Старый Арбат, с Кривоколенными, Николопесковским, Серебряным переулками, с Молчановкой и Собачьей площадкой, с Сивцевым Вражком и с церковью Бориса и Глеба, со всеми своими особняками, барскими каменными хоромами, почерневшими бараками первых пятилеток, бетонными коробками, с установившимися запахами, со своими старушками в салопах и шляпках, с детьми-пионерами в красных галстуках, — старый Арбат жил не видной глазу, скрытой, режимной жизнью, где каждый дом, каждый подъезд, каждое окно заинвентаризировано, за всеми следят, всех курируют.
Начиная от знаменитой „Праги", которая давным-давно была уже не „Прагой", а набита конторами и конторочками, с глухим заколоченным парадным подъездом и пустынной плоской крышей, где еще долго после войны валялись гильзы зенитной батареи, и родилось, и выросло поколение, которое и не знало, что тут был прославленный ресторан „Прага", — так вот, начиная от „Праги" до Гастронома на Смоленской, улица как бы имела второе лицо. Веселый магазин шляп в „Праге", на углу, и писчебумажный на углу Серебряного переулка, пахнущий школой, готовальней, чистой линованной бумагой, „Детский мир" с пузатыми разноцветными матрешками, и зоомагазин с оранжевыми рыбками в аквариумах и запахом помета и пуха птичьих мучений, и антикварный с золотыми вазами с изображениями египетских фараонов и римских легионеров, и восстановленный после бомбежки театр Вахтангова с афишей „Два веронца", и кино „Юный зритель" с рекламой кинокартины „Клятва". А поверх этого как бы наложенный на улицу теневой силуэт, как блуждающая маска, вдоль всей улицы, — строгая, загадочная и молчаливая цепочка: зимой в бобрике и ботах, а летом в апашках и дырчатых сандалетах. В метель, и в дождь, и в туман, и когда цветет сирень, и цветет жасмин, и в листопад, на рассвете, когда выходят первые троллейбусы, и в часы пик, и в час театрального разъезда, и в час инкассаторов, и в новогоднюю ночь, и в пасхальную ночь, и в первомайскую ночь, вчера, и сегодня, и завтра — всегда — молчаливая цепочка на Арбате.

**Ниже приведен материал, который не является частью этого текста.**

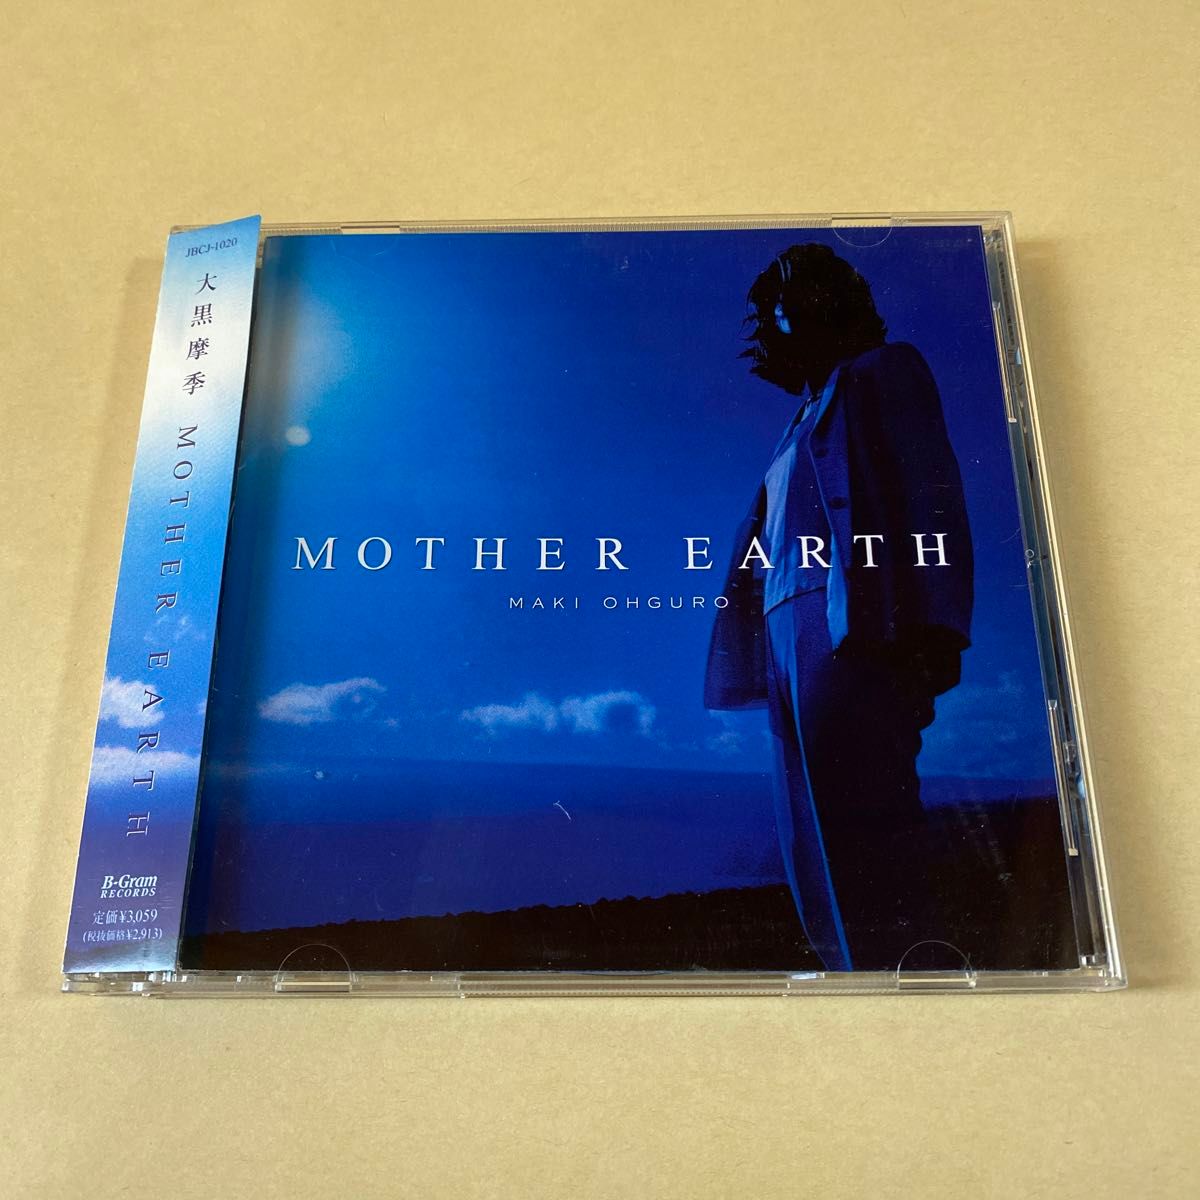 大黒摩季 1CD「MOTHER EARTH」

Они стояли вдоль всей улицы, избегая света фонарей, на углах переулков или у подъездов, притворяясь жителями дома, и смотрели на проезжую часть. Они стояли как-то одиноко, отдельно, автономно и будто вспоминали что-то забытое, весь день и всю ночь вот так стояли и вспоминали что-то забытое. Но вдруг их охватывала лихорадка. Красный свет зажигался одновременно на всех углах, и ревели в больших металлических коробках милицейские телефоны, цепочка выходила на кромку тротуара, и будто посреди улицы открывался оголенный провод, и весь Арбат со всеми его витринами, манекенами, завитыми головками, будильниками, муляжами, золотыми рыбками и канарейками в клетках стоял под высоковольтным напряжением.
Табор
Это была одна из тех барских квартир, каких много в старых арбатских особняках, квартира, которая занимала целый этаж, с большими венецианскими окнами, двумя входами — парадный с широкой беломраморной лестницей, на которой некогда лежал ковер, а теперь ступени давно потемнели, были сбиты, заплеваны, обшарпаны, — и черным кухонным, с узкой железной лестницей, на которой пахнет не только помоями, ворами, но бегают живые крысы.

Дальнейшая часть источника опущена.